There is a simple C program called xchars.c available to produce exactly these characters. Compile it and run it to produce the required compound. For instance:
cc xchars.c ./a.out
Get it here: unicode.txt and save it somewhere.
Install it with:
abc -u -w unicode < unicode.txt
You can unpack it into any workspace: just change the first 'unicode' in the above line into the workspace name you want to use.
There is a HOW TO called UTEST that you can run to check that it has installed OK.
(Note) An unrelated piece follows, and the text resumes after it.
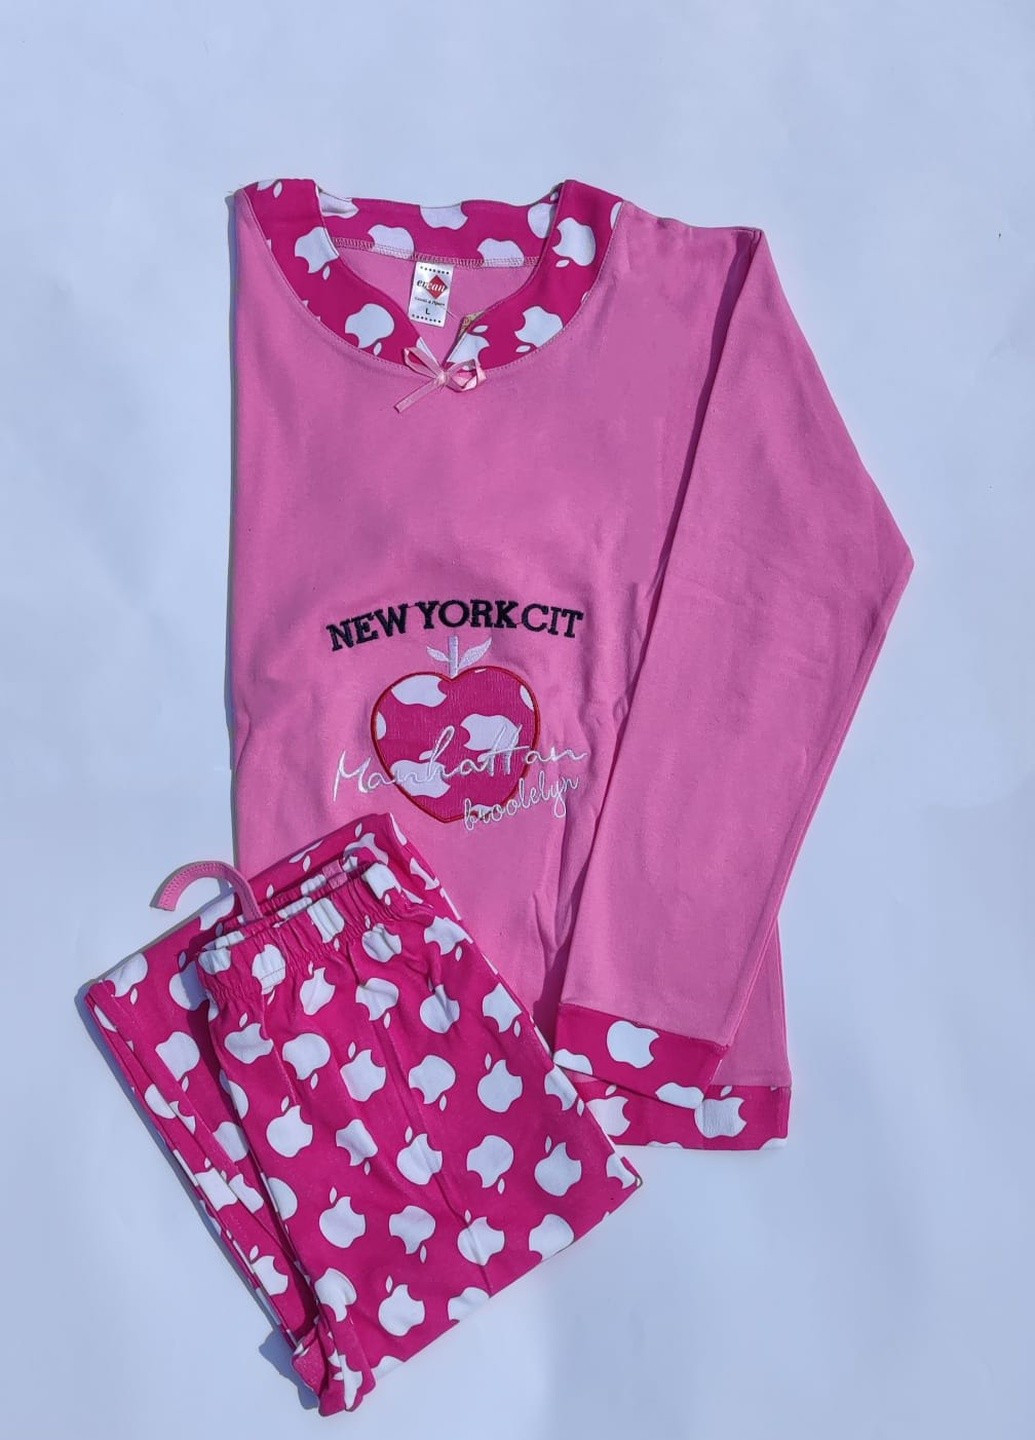 Розовая зимняя комплект плотный трикотаж (свитшот, брюки) Sude

HOW TO UNICODE: \ Initialise data-structures for a
program to use Unicode
HOW TO RETURN u.1 s: \ The first Unicode character of
s
HOW TO RETURN s u.item n: \ The n'th Unicode
character of s
HOW TO RETURN u.items s: \ String s split into its
constituent Unicode characters
HOW TO RETURN u.size s: \ The number of Unicode
characters in s
HOW TO RETURN u.abs c: \ The Unicode code point of
character c
HOW TO RETURN u.char i: \ The UTF-8 encoding of the
character at codepoint i
HOW TO RETURN s u.trim n: \ The first n Unicode characters
of s
HOW TO RETURN s u.at n: \ s from position n
HOW TO RETURN s u.left n \ s justified left in a
space of n characters
HOW TO RETURN s u.right n \ s justified right in a
space of n characters
HOW TO RETURN s u.middle n \ s centred in a space of n
characters
HOW TO REPORT u.single s: \ Whether s consists of a single
character
HOW TO REPORT c u.in s: \ Whether the character c occurs
in the string s
HOW TO RETURN u.upper s: \ s returned UPPERCASE
HOW TO RETURN u.lower s: \ s returned lowercase